Amylodon Temporal range: Campanian– Rupelian PreꞒ Ꞓ O S D C P T J K Pg N

Scientific classification
- Kingdom: Animalia
- Phylum: Chordata
- Class: Chondrichthyes
- Order: Chimaeriformes
- Genus: Amylodon Storms, 1895
- Species: Amylodon eocenica; Amylodon delheidi; Amylodon venablesae; Amylodon karamysh;

= Amylodon =

Extinct Chimaera genus

Amylodon is an extinct genus of chimaera. It consists of four described species. A. karamysh is known from the latest early Campanian of Russia, the name being derived from the Karamysh River which runs near the type locality. In the Eocene, two species are known. A. venablesae and A. eocenica are both known from the Ypresian-aged London Clay of England.

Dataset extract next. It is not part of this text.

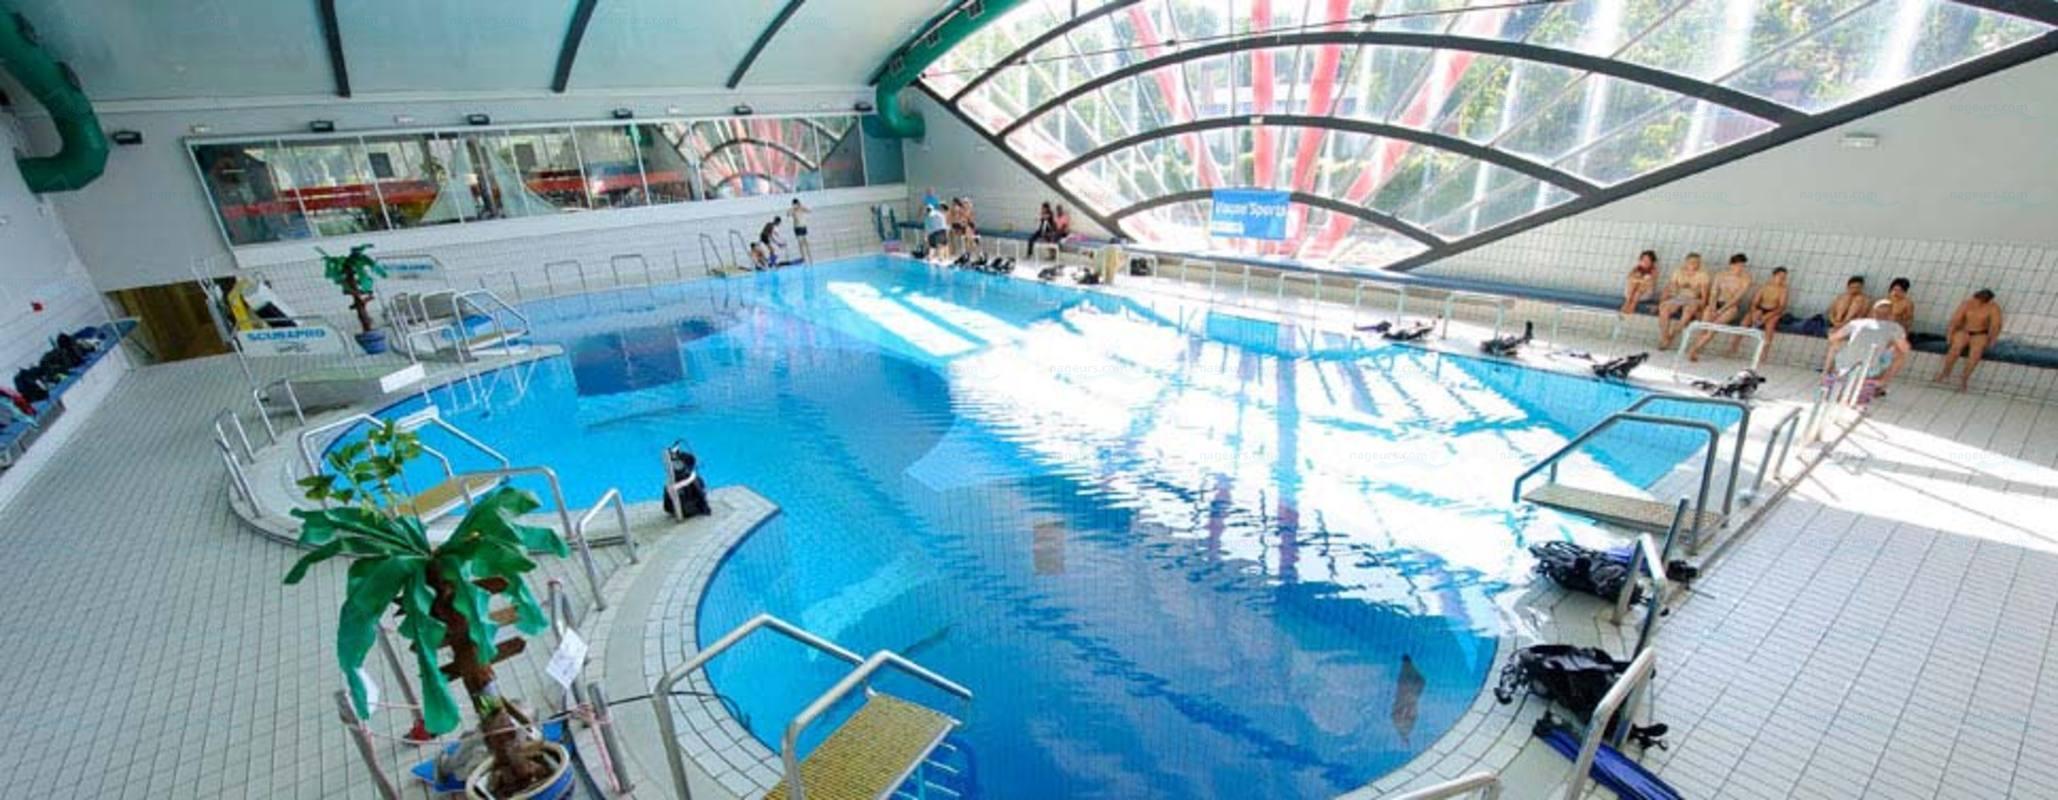 Piscines france ile de france les piscines hauts de - Piscine olympique paris ...
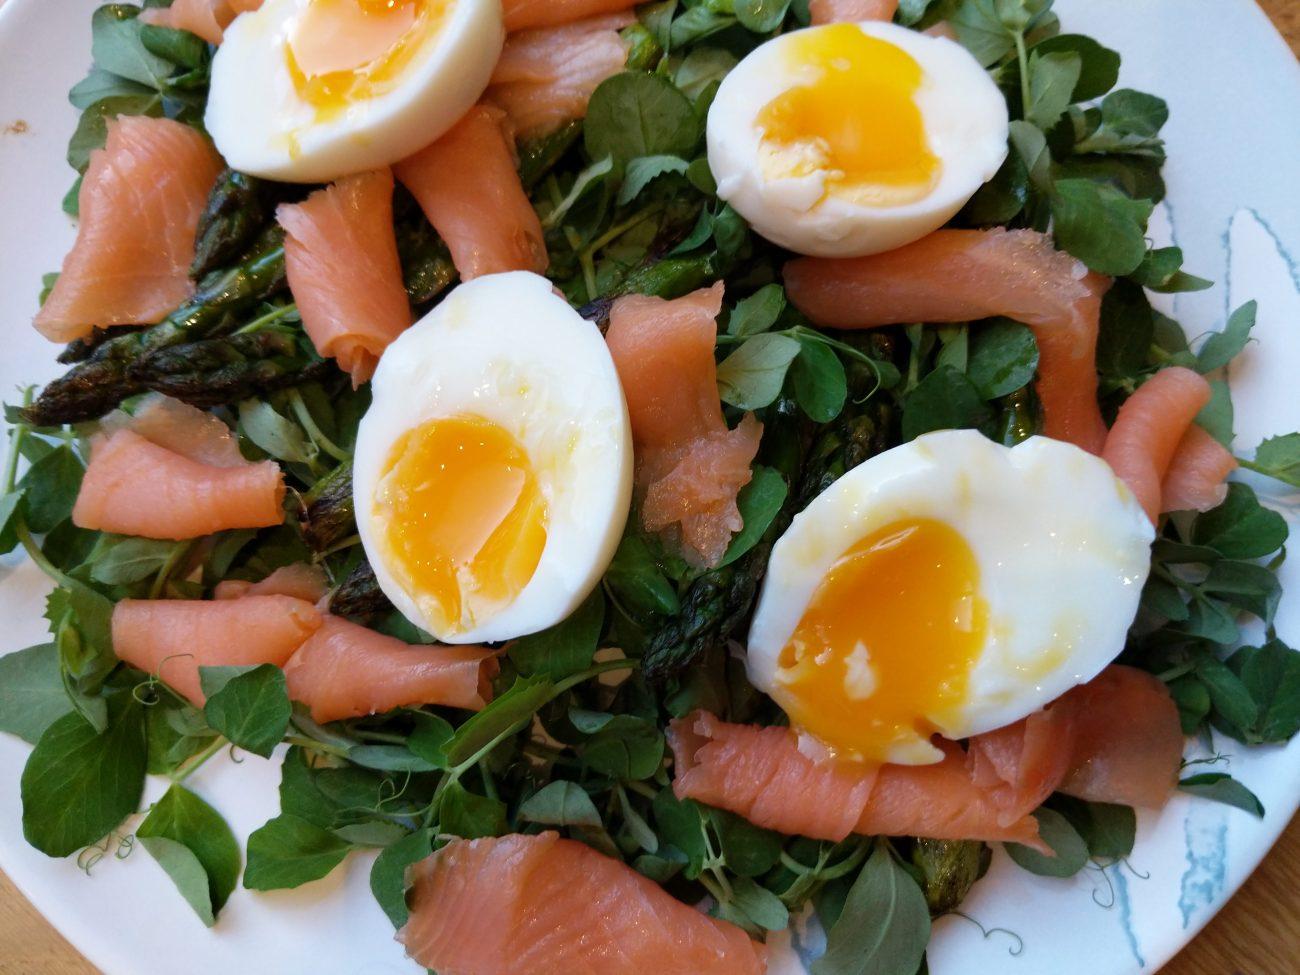 Smoked Salmon, Asparagus, Pea Shoots and Egg Salad

A mandibular plate originally ascribed to the latter was found in the Bartonian of the Barton Beds of England, though later found not to fit with any described species. A. delheidi is known from the Rupelian-aged Boom Clay of Belgium. All species are known mainly from isolated mandibles. They show a slow progressing towards increased shearing ability. Amylodon was considered to be a member of Chimaeridae in Nessov and Averianov, 1996 but other studies have either been assigned to the "Edaphodontidae", or to the Rhinochimaeridae.